Depuis, les efforts monstrueux des lobbys déployés pour financer la recherche sur cette maladie ont adopté cette image martiale, s’accaparant celle « du champion » et du « combattant » pour galvaniser les donateurs et l’opinion publique.

Aux États-Unis, le champion cycliste Lance Armstrong, créateur d’un fonds du même nom, avait lui-même surfé sur l’image du patient invincible. Le sportif en rémission d’un cancer des testicules, depuis reconnu coupable de dopage et dépouillé de ses médailles, résumait ainsi sa vision du cancer : « Give up or fight like hell ! »

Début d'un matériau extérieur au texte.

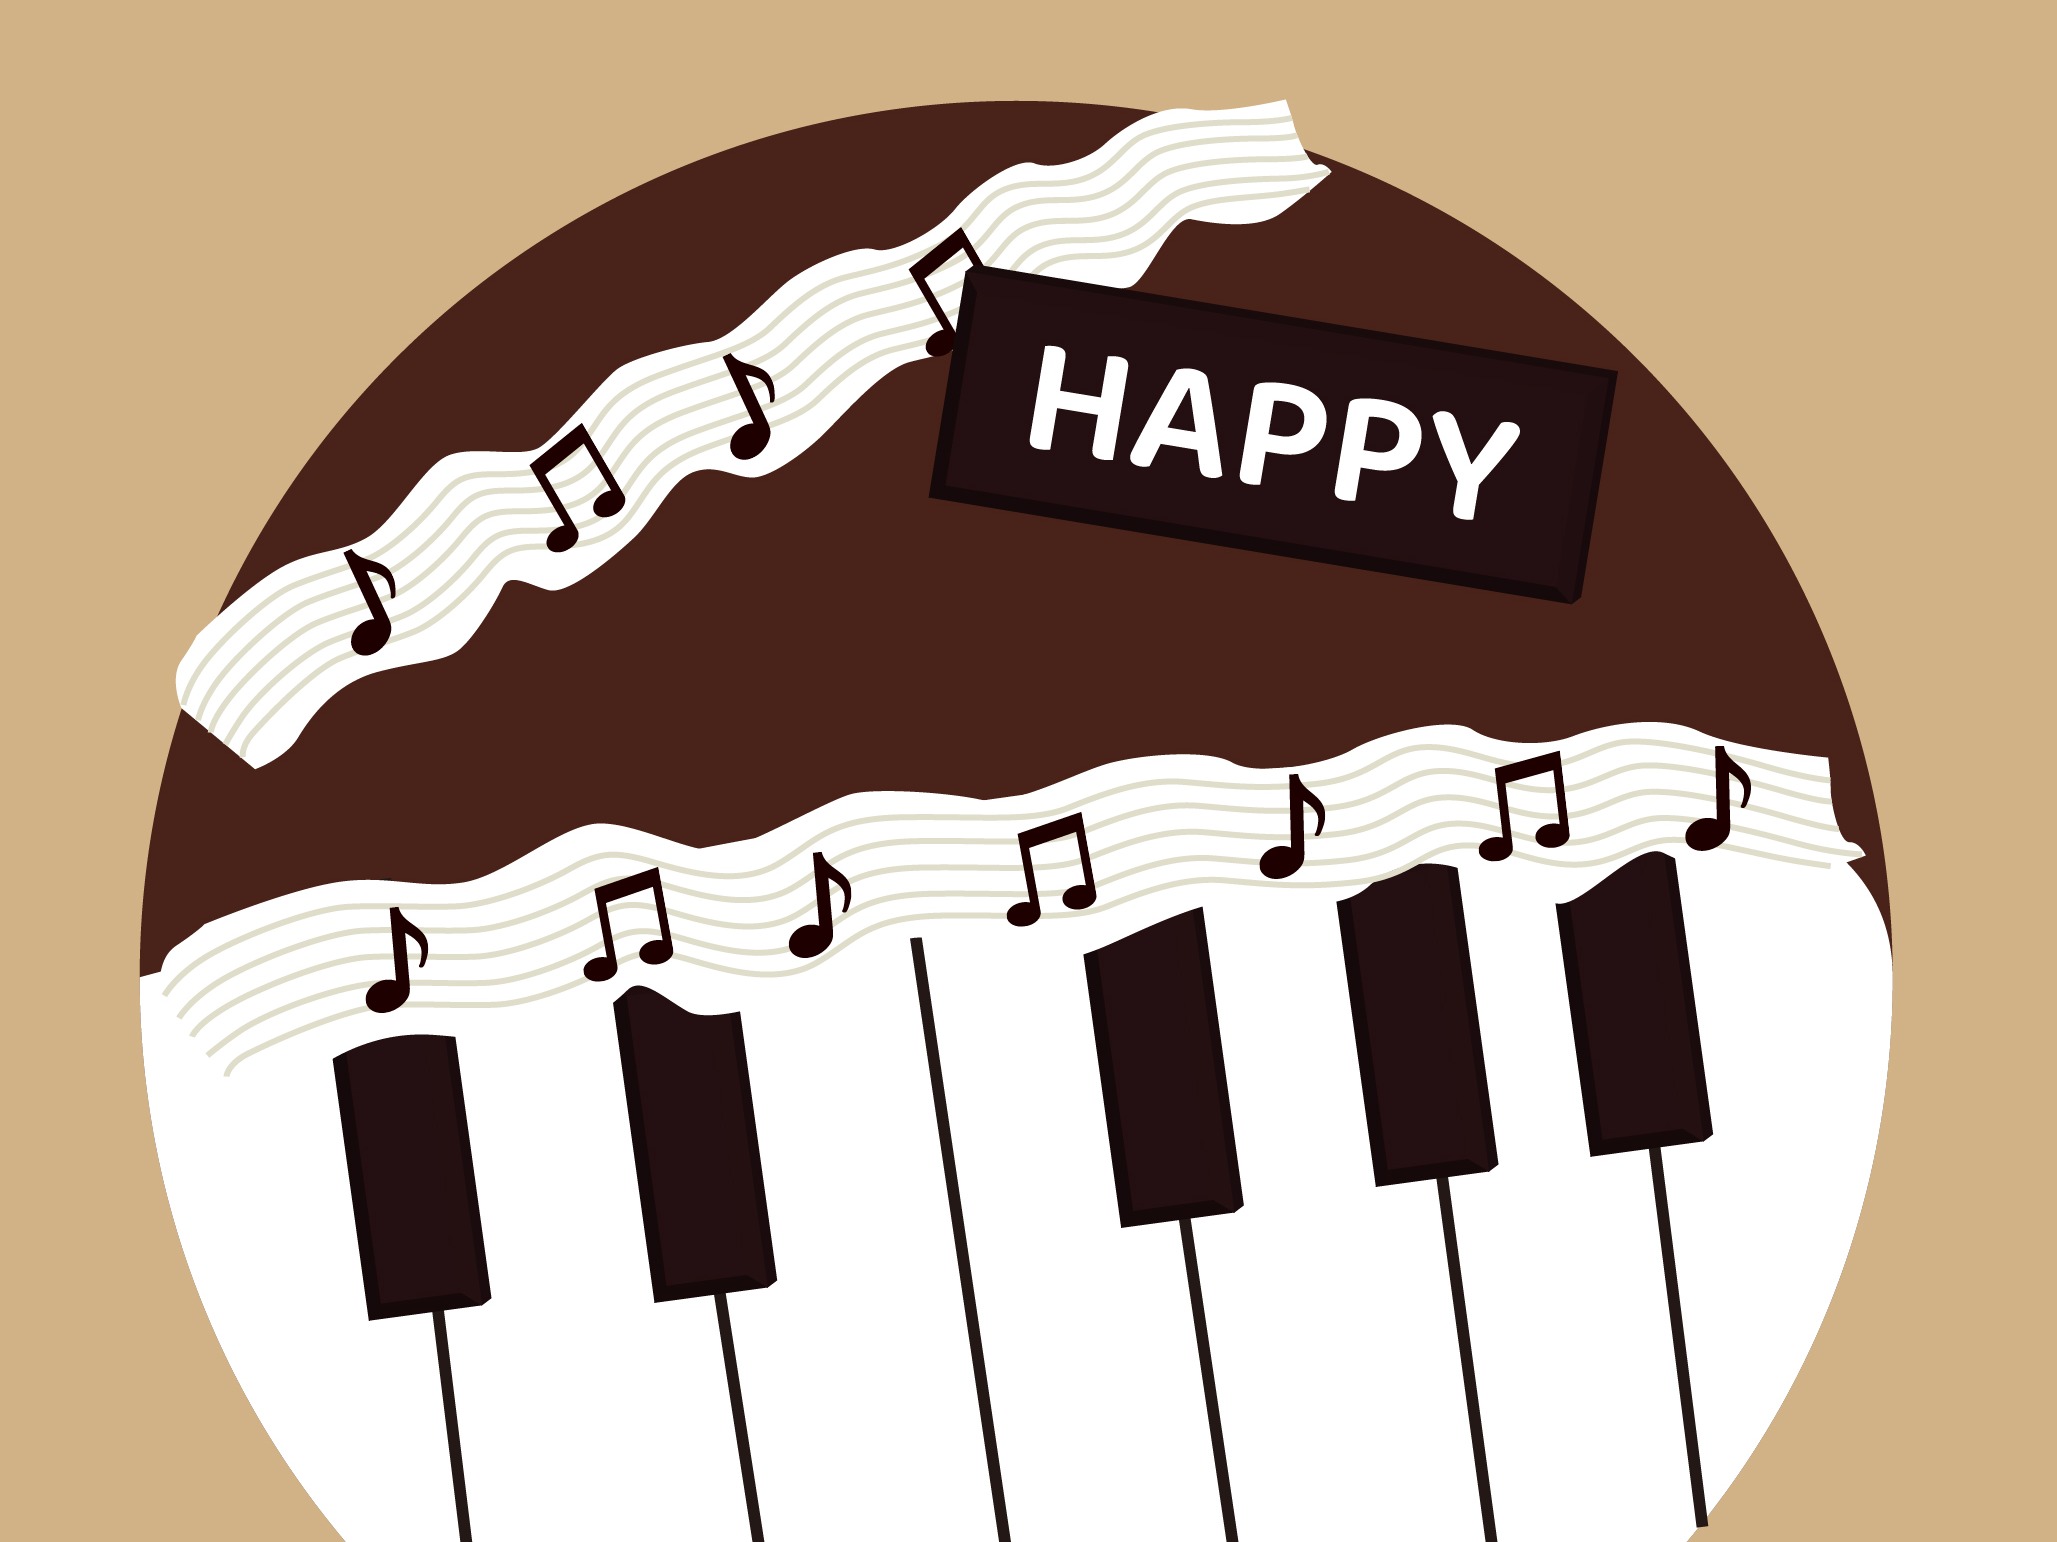 钢琴生日蛋糕 库存照片. 图片 包括有 装饰, 巧克力, 欢乐, 奶油, 生日, 关键字, 创造性, 背包 - 112333062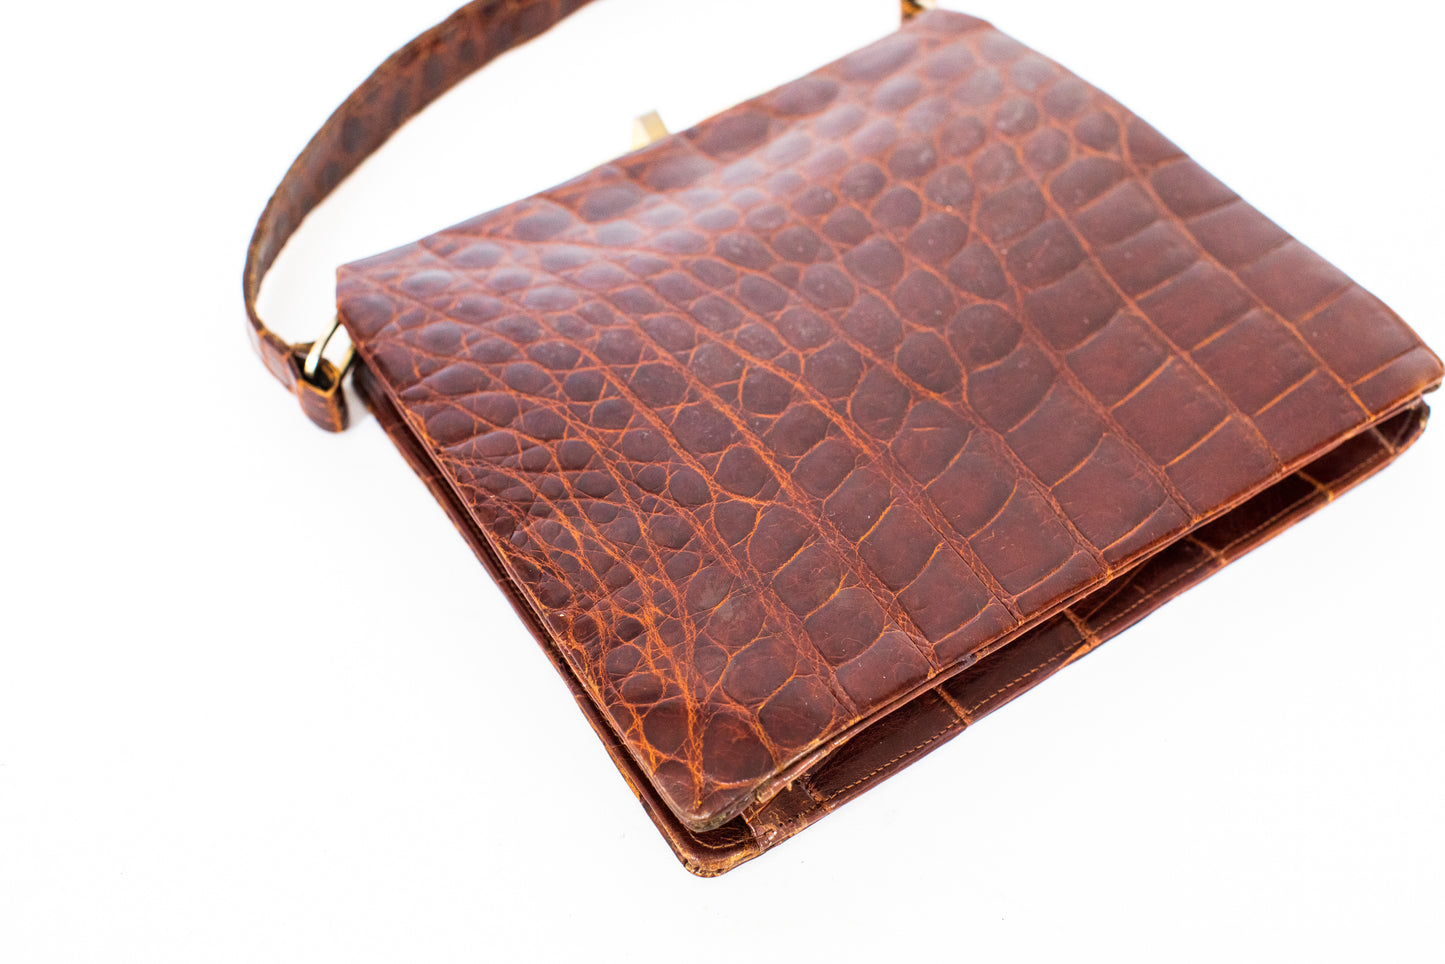 Vintage Burgundy Red Croc Leather Handbag

Tout récemment, en France, l’image d’une fillette de quatre ans atteinte d’un cancer incurable déguisée en Wonder Woman a été bombardée sur les réseaux sociaux pour recueillir des dons contre les cancers pédiatriques. Un matraquage fait sans mauvaises intentions, qui, au fil des ans, a contribué à cristalliser dans l’imaginaire collectif et dans les médias la même rhétorique, non sans effets sur les malades.

Revoir les mots

 

Johanne Fontaine n’a pas été la seule à écoper de titres annonçant sa « défaite » contre le cancer. ldem pour l’ex-ministre Hélène Zakaïb, décédée quelques jours plus tôt.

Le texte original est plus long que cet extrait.